July 19, 2008 · 1 Comment

High summer is here. Fans are a-buzzin’, and the going is somewhat sluggish. The thing about Maine when it gets seriously hot is there’s only completely inept institutional air conditioning to be had. The collective BTU power held in check by this northern state is up to the task of almost all the days of the year here – but the four or five moments in the hot season when you most need that department store blast of all encompassing frigidity invariably end in frustration. 

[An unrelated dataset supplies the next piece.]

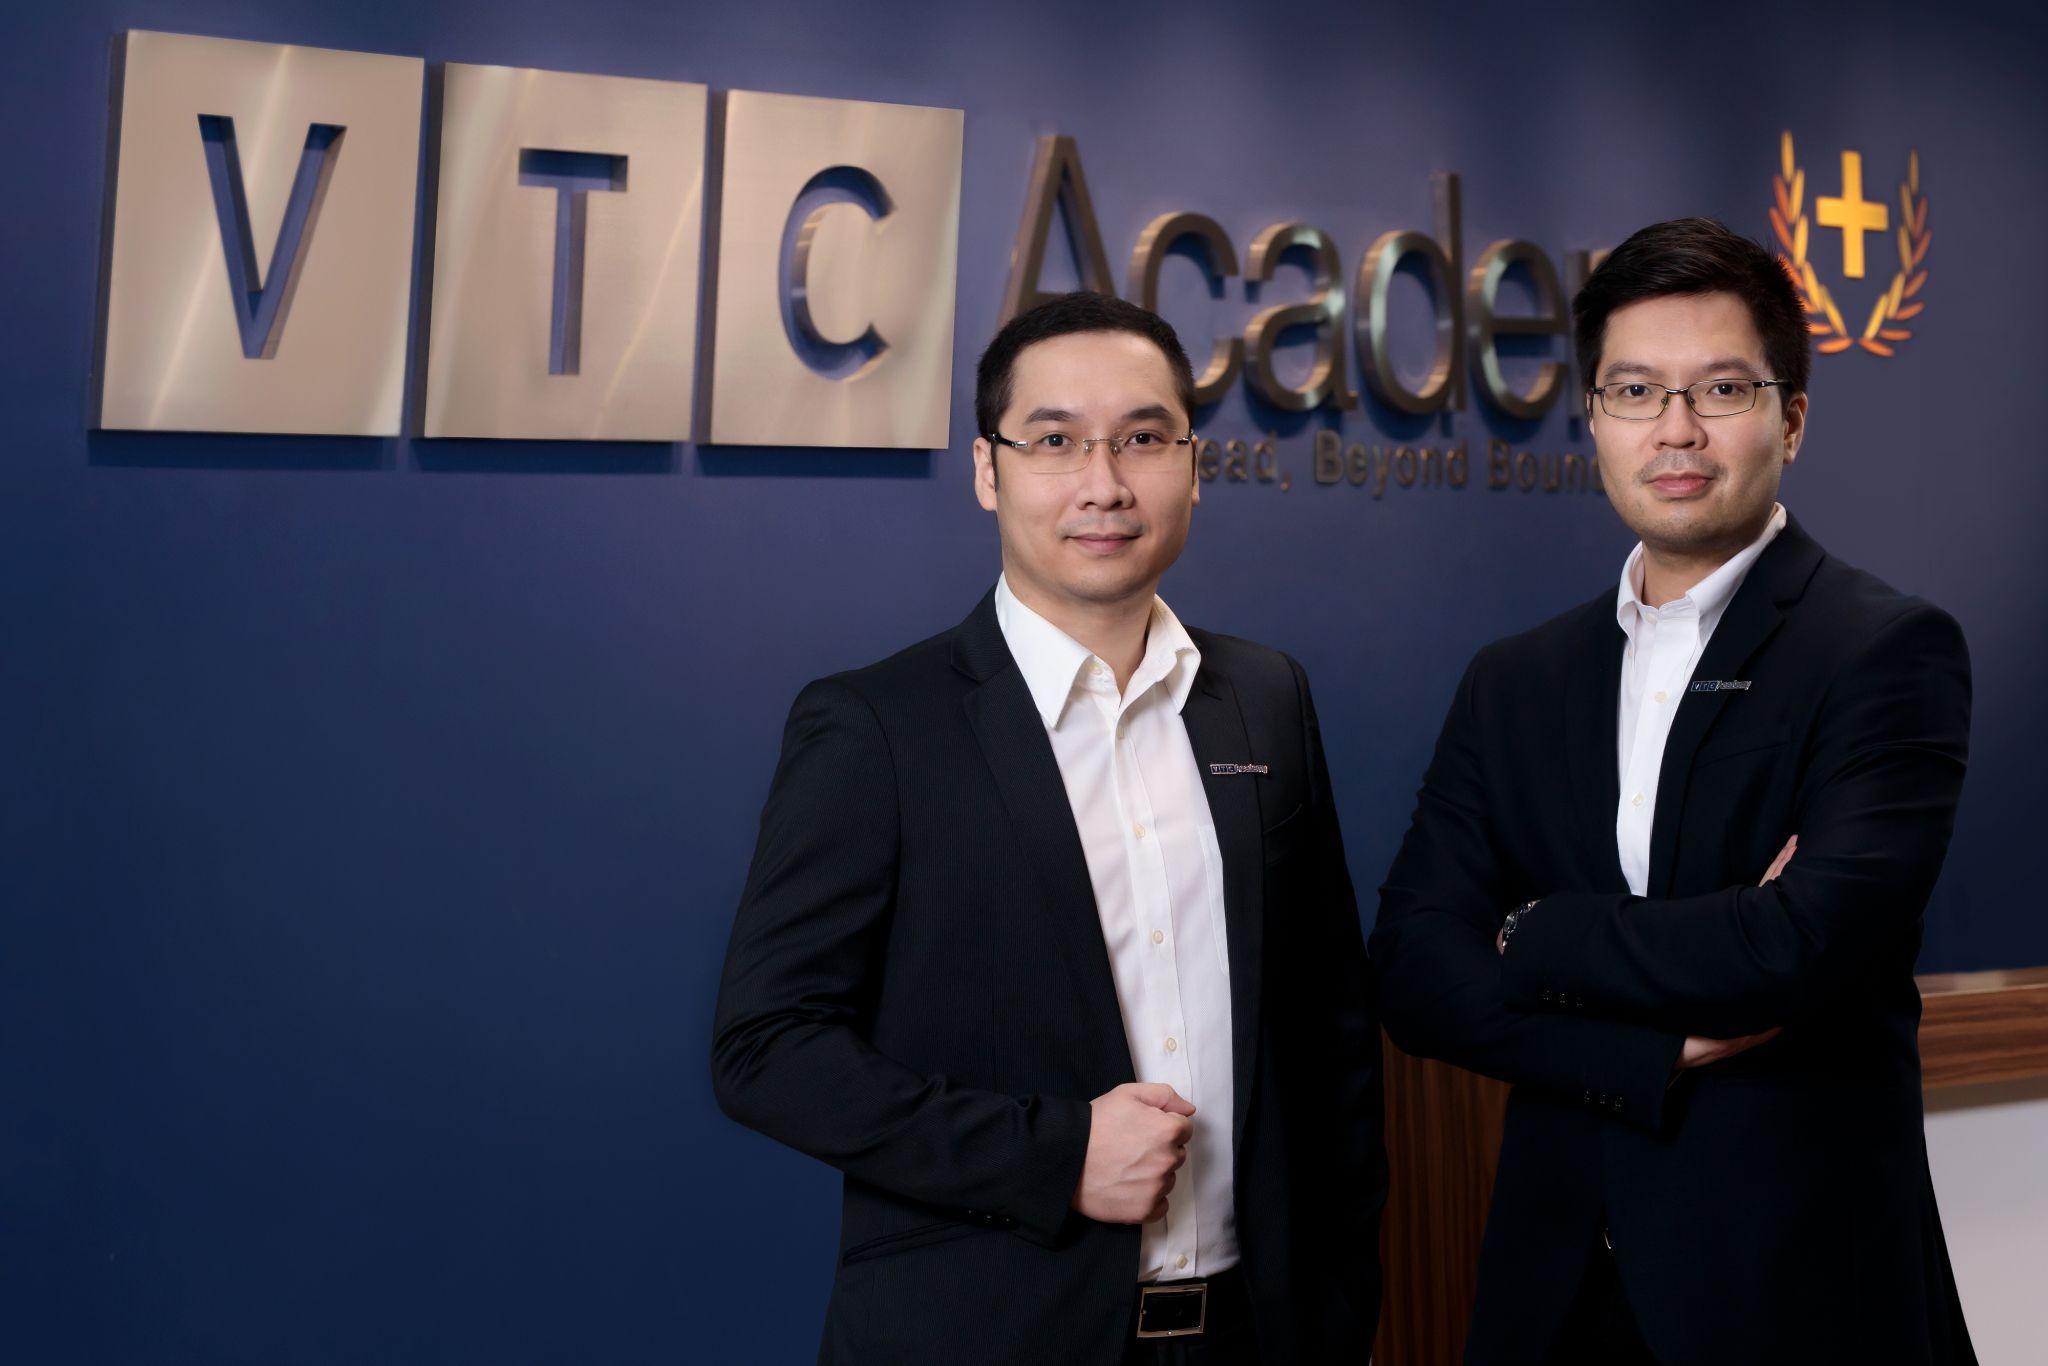 Ông Hoàng Việt Tùng (trái) - Chủ tịch HĐQT VTC Academy và ông Hoàng Việt Tân (phải) - Tổng Giám đốc điều hành VTC Academy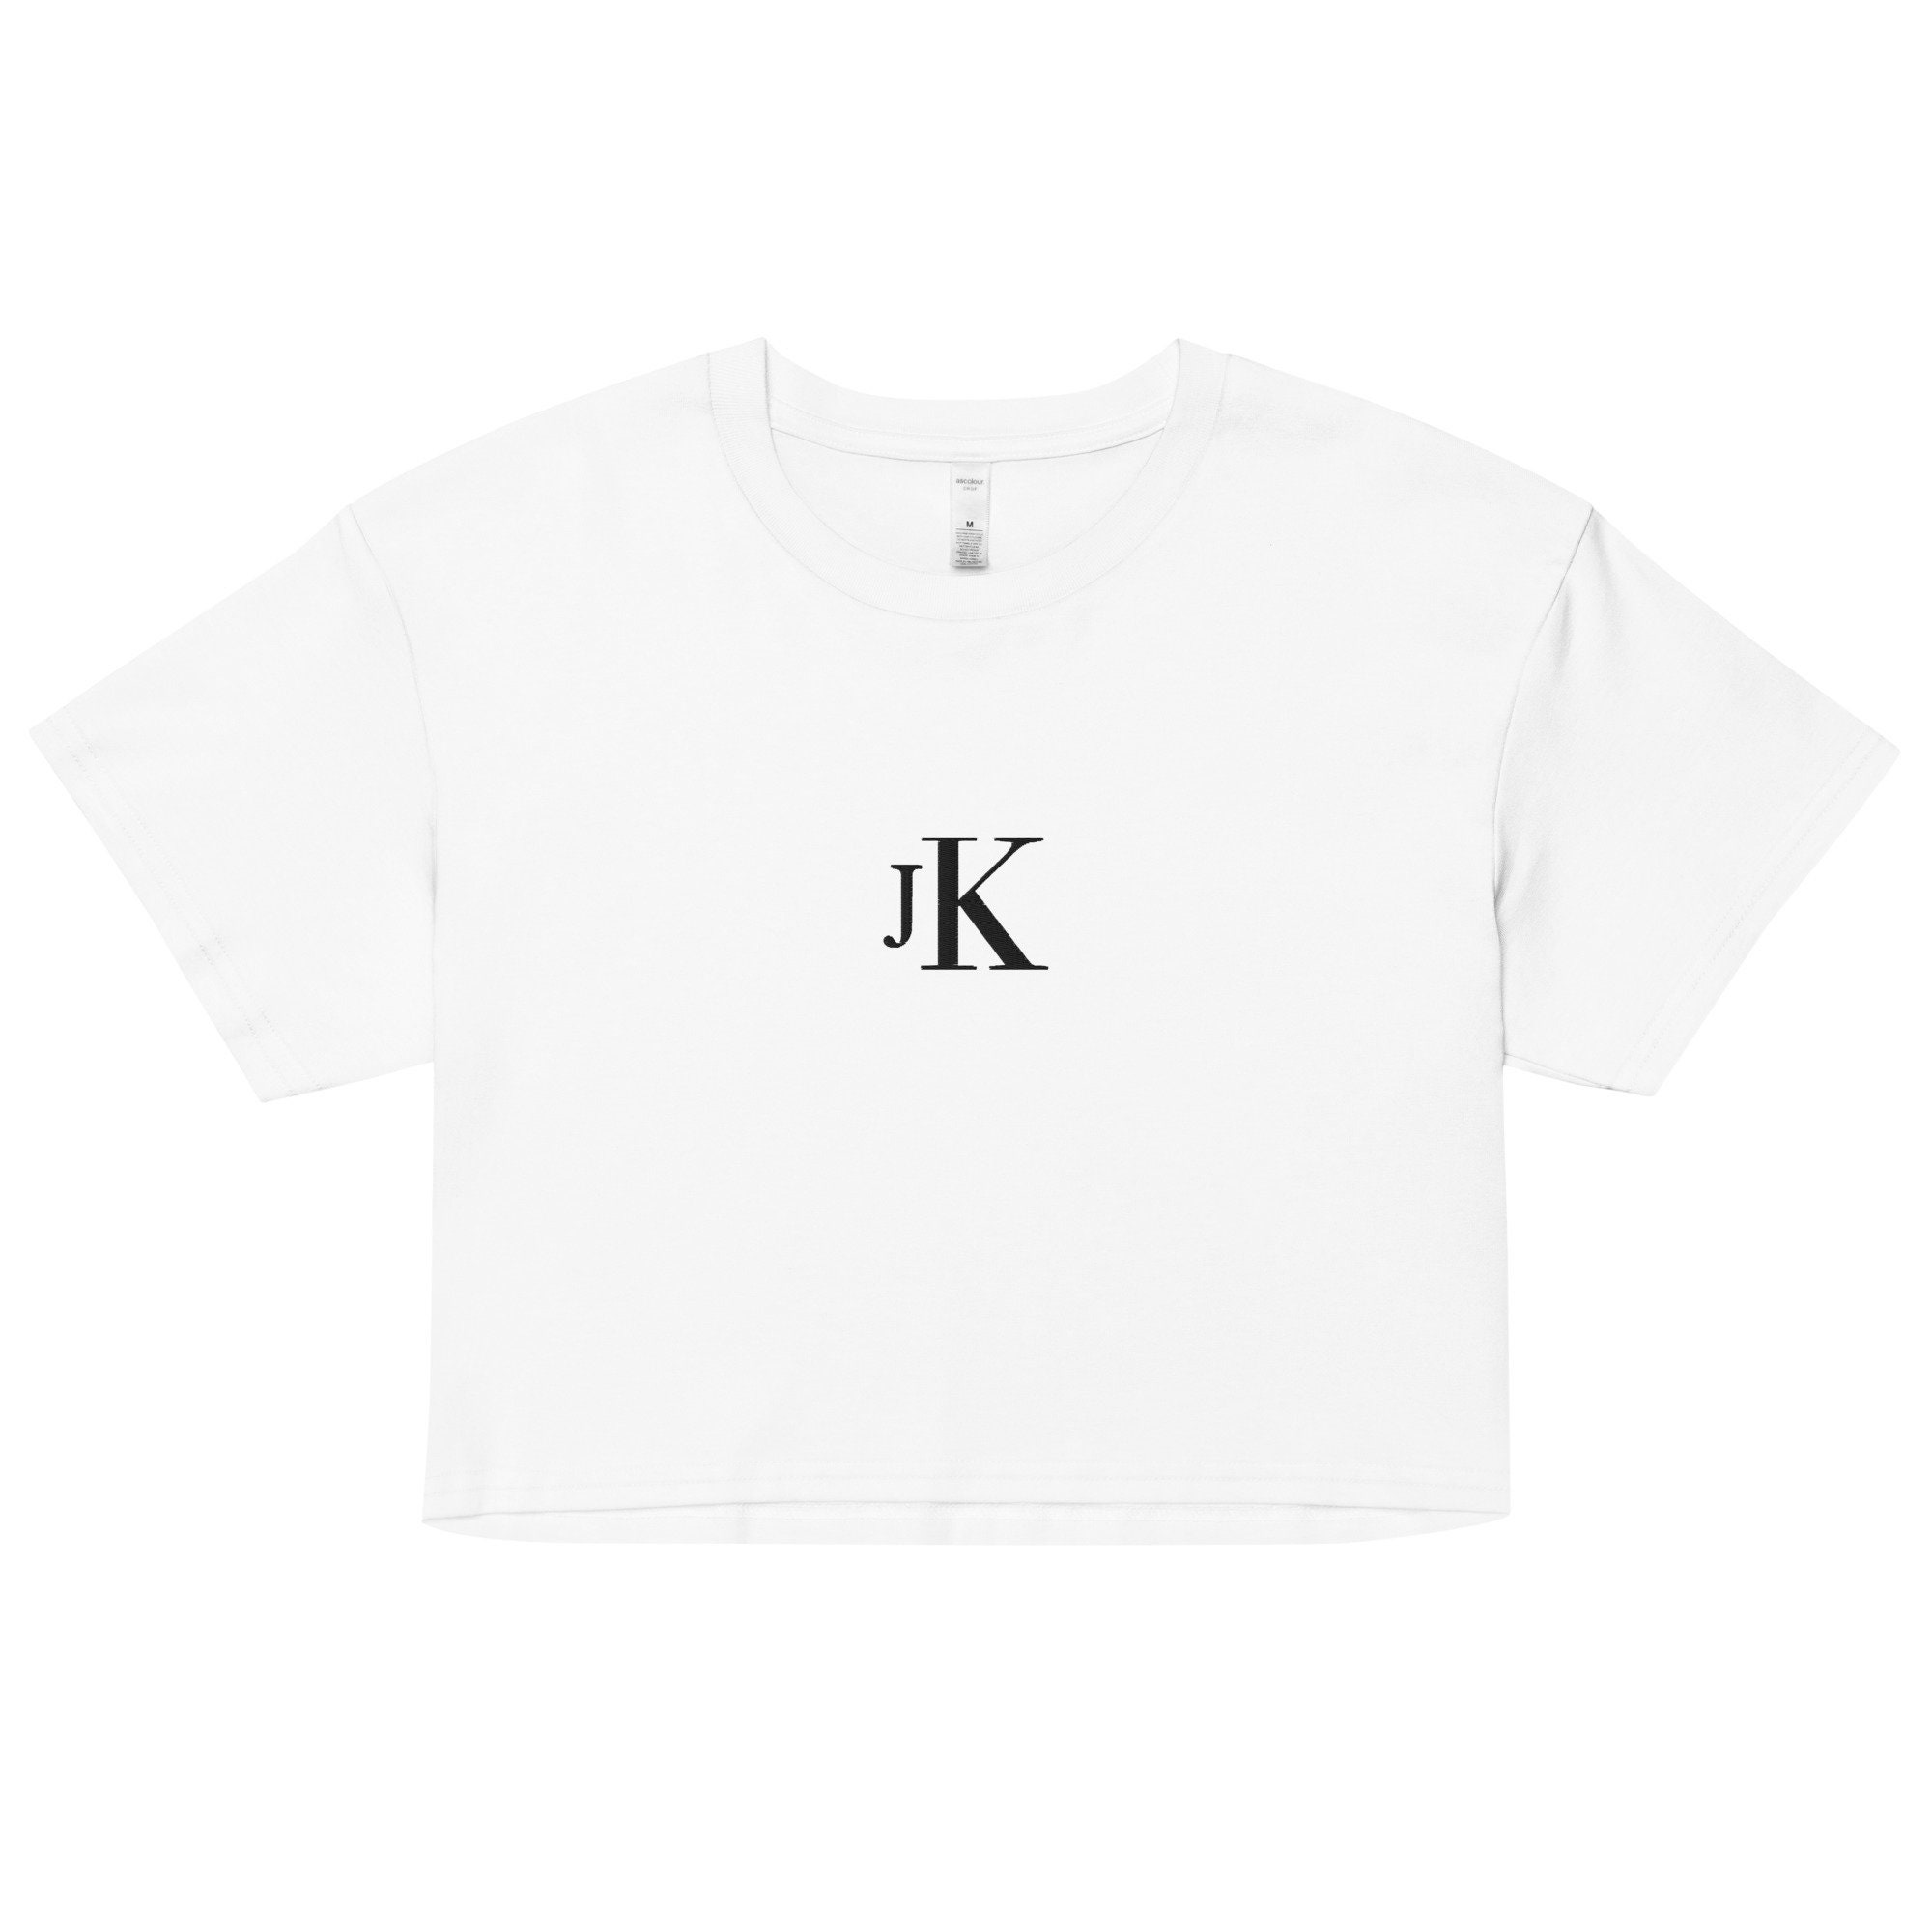 Jk Kids & Babies' Clothes for Sale

I went to the kitchen, leaning toward the freezer. I was about to pull out a gallon of Breyers vanilla when I remembered there was fresh cut watermelon, so I wholesomely turned my attention there instead. Out of the corner of my eye I caught a sparkle. In the anteroom, just ahead of the laundry hamper and still as a picture, stood Judy Johnson, staring. The heat has been hard on him, but moreso the absolute chaos that reigns in our apartment. We are moving rooms around, having a sidewalk sale, selling stuff on ebay. In short we are in transition, as bold a step as we could take without actually moving, and the cat’s bent out of shape about it. He still manages to find odd corners of unoccupied space in which to assume the strangest paw-dangling contortions, but he’s moody and prone to attack unprovoked. Now here he was staring at me in the kitchen, as I slobbered over watermelon with the kitchen door ajar, juice running down my chin. He stared as if to say “you strange person, tell me how any of the things you do make any sense at all.” I felt found out and guilty, and for one brief moment it seemed the only thing to do would be to offer Johnson a slice, as if that would make me even one ounce less ridiculous in his furry little eyes. 

The encounter passed and neither of us were injured or anything like that. It’s later in the same night and we’re both sweating it out, listening to the whirring fans, and thinking the about other person here – the smartest of us three – who called it a night some hours ago. We all do our part in this little abode. 

Tomorrow bright and early: sidewalk sale! So best be getting some shuteye.